# Favorite foreign horror movie?



## Fletch350z

So, I've recently started to really watch a lot of foreign horror movies and I'm really finding some amazing ones. There are some main stream ones like "The Grudge" or "The Ring" but what are some of your favorites? Maybe some that most people wouldn't have heard of? 

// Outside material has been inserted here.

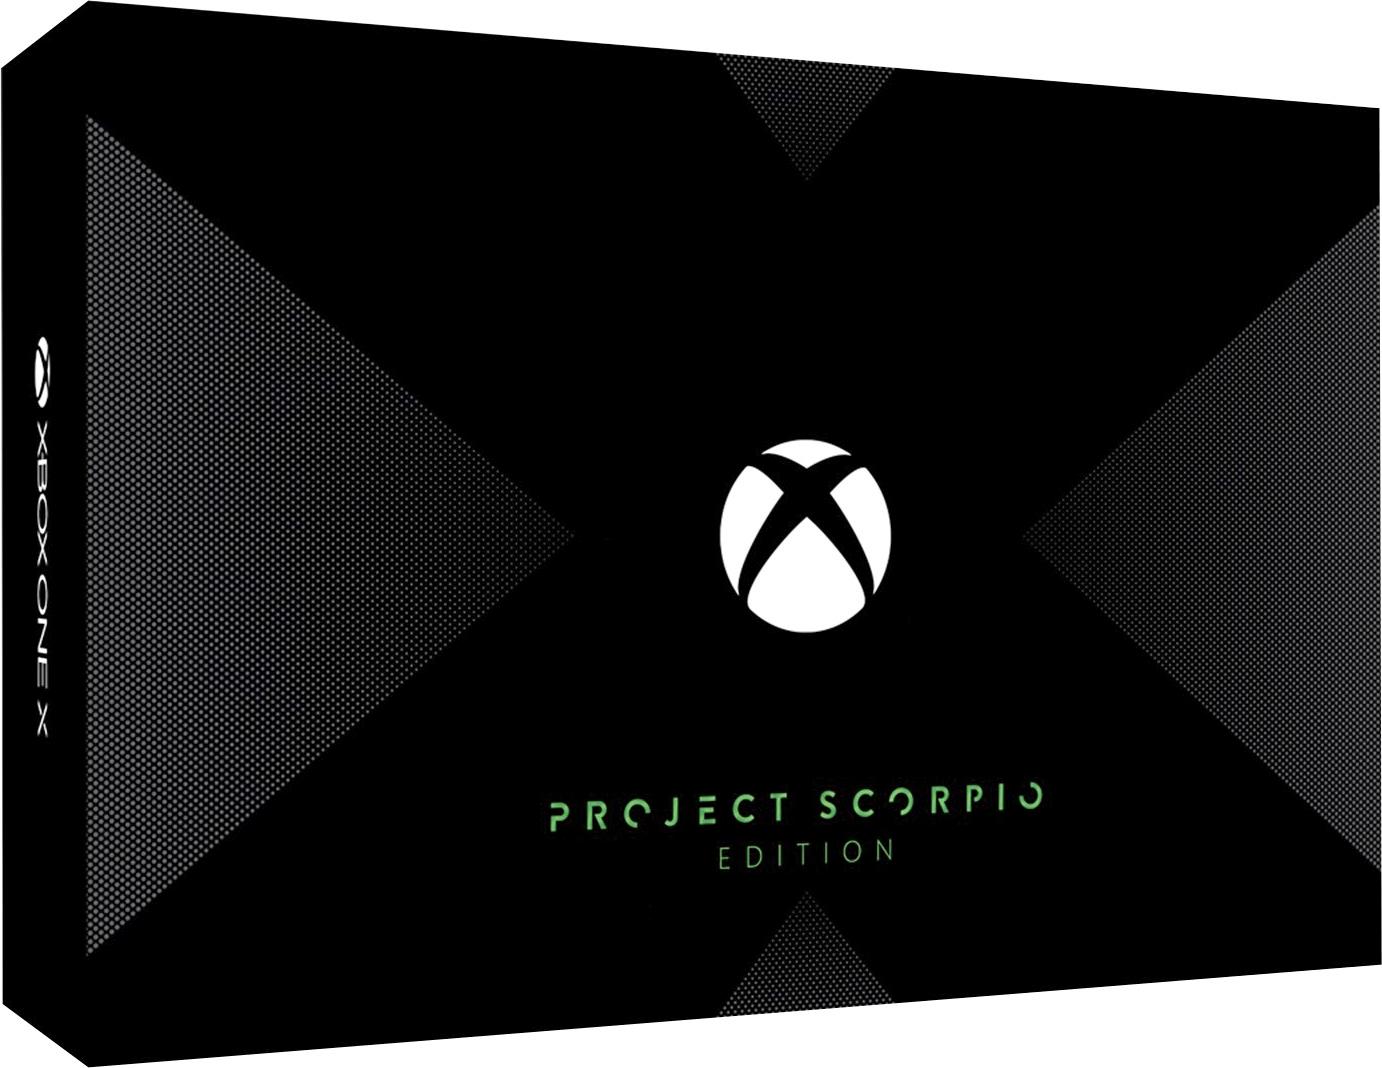 Xbox One X: Project Scorpio Edition için belirlenen Türkiye fiyatında geri adım

I recently watched "I Saw the Devil" and "Chaser" on Netflix and really liked both of them. I Saw the Devil is one of my favorite horror films now as it is really well done and very creepy and dark. The ending is pretty great too, . So, what are your favorites?


----------



## highbury

Check out Lucio Fulci's _Zombie_ or any of the other Italian horror classics from the 70s and 80s. Another must-see is Dario Argento's _Suspiria_.


----------



## Fletch350z

Yep, those are both great movies as well!


----------



## Hairazor

The one that comes to mind for me is Nosferatu


----------



## austenandrews

Tough call. _Ju-On_ and _Let the Right One In_ are two of my favorite films period, but among the lesser-known ones, _The Orphanage_ was pretty effective.


----------



## Fletch350z

I like all of those. I saw the original let the right one in but haven't seen the "new" one. And, despite some bad reviews, I really liked the orphanage as well. On a similar note, I liked Don't be Afraid of the Dark and and Mama as well.


----------



## stars8462

Let The Right One In 
Ils (Them)
REC


----------



## drevilstein

Those are all great. I also like Primal (Australian) a lot and Cold Prey (Norwegian). Lately some of my favorite horror movies are from other countries.

A few more:

Dead Snow
Doghouse
The Devil's Backbone


----------



## The-Hog-Flu

I Saw the Devil was fantastic.....but my favorite is a French film, Martyrs.


----------



## stars8462

drevilstein said:


> Those are all great. I also like Primal (Australian) a lot and Cold Prey (Norwegian). Lately some of my favorite horror movies are from other countries.
> 
> A few more:
> 
> Dead Snow
> Doghouse
> The Devil's Backbone


Dangit - how could I forget about Cold Prey
I own and love the 1st and 2nd one.


----------



## The-Hog-Flu

I just watched Bedevilled last night. It was really good.


----------



## RWB

Haute Tension (High Tension). Pretty intense in the vein of Hills Have Eyes. Another one pretty tuff is Inside. Both of these are French films and there are no apologies for lack of big story lines.


----------



## hazeldazel

I really love L_es Diaboliques_. It's a French film from 1955, horror/thiller about murder and ghosts.


----------



## kitchie

My favorite horror movie is Pee Mak.. It's a horror movie that made me laugh at the same time..


----------



## jobiz

There's a Japanese film from 1999 called Audition(Ôdishon).
This thing scared the hell out of me partly because when I started to watch it I didn't realize that it was a horror film! It started out like a kind of romantic comedy about a lonely man looking for love. Then things take a turn and it gets really crazy.

Great film.


----------